All of these methods amount to the same conceptual move: after what I have done, the remaining treatment variation behaves as if random. In the linear model, this is exactly the condition OLS needs. But none of these is a mechanical checklist; each requires a story about the world. Even a sketchy causal model is better than none. You should be clear about which variables are genuine pre‑treatment drivers of both treatment and outcome and therefore belong in the analysis, and which variables are downstream consequences of treatment and therefore should be left out. Adjusting for consequences of treatment (the “bad controls” problem) can wash away part of the very effect you want to measure. The choice of functional form is critical. If the real-world relationship is curved or involves interactions, forcing it into a linear model can inadvertently introduce bias. The “missing” structure, the part the model failed to capture, gets pushed into the error term. If that unmodeled structure correlates with your treatment, you have essentially reintroduced the very confounding you were trying to eliminate.
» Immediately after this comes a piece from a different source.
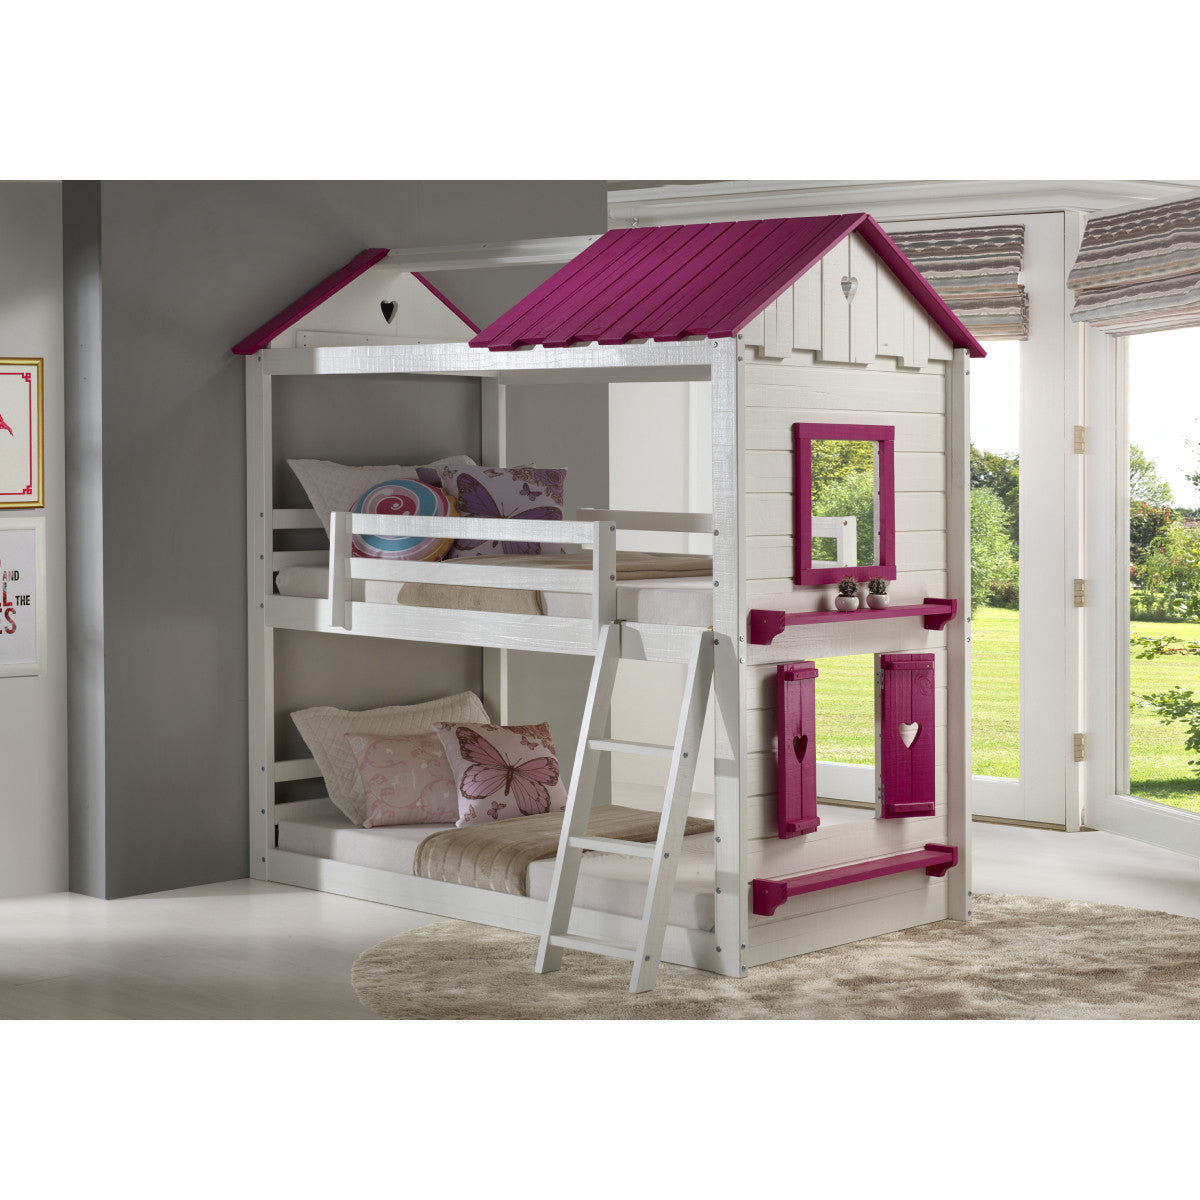 T/T SWEETHEART BUNK WHITE & PINK

The difference between RCTs and surveys, then, can be said in one breath. RCTs place randomness where causality lives: in the assignment. That is why treated and control groups are comparable by design and why the simple difference is interpreted as a cause for the trial’s participants. Surveys place randomness where description lives: in the sampling. That is why they are excellent for population facts but do not deliver causal contrasts on their own. To talk about causes with survey or other observational data, you need to create or find treatment variation that is as‑if random given a defensible set of pre‑treatment variables, or you need to lean on a clear design that mimics randomisation. In the linear model, that means ensuring the treatment is unrelated to the regression’s leftover error after you control for the right, truly pre‑treatment variables, and that there is genuine overlap. Without a model in mind these conditions rarely hold by accident. Controls and big data will not save you.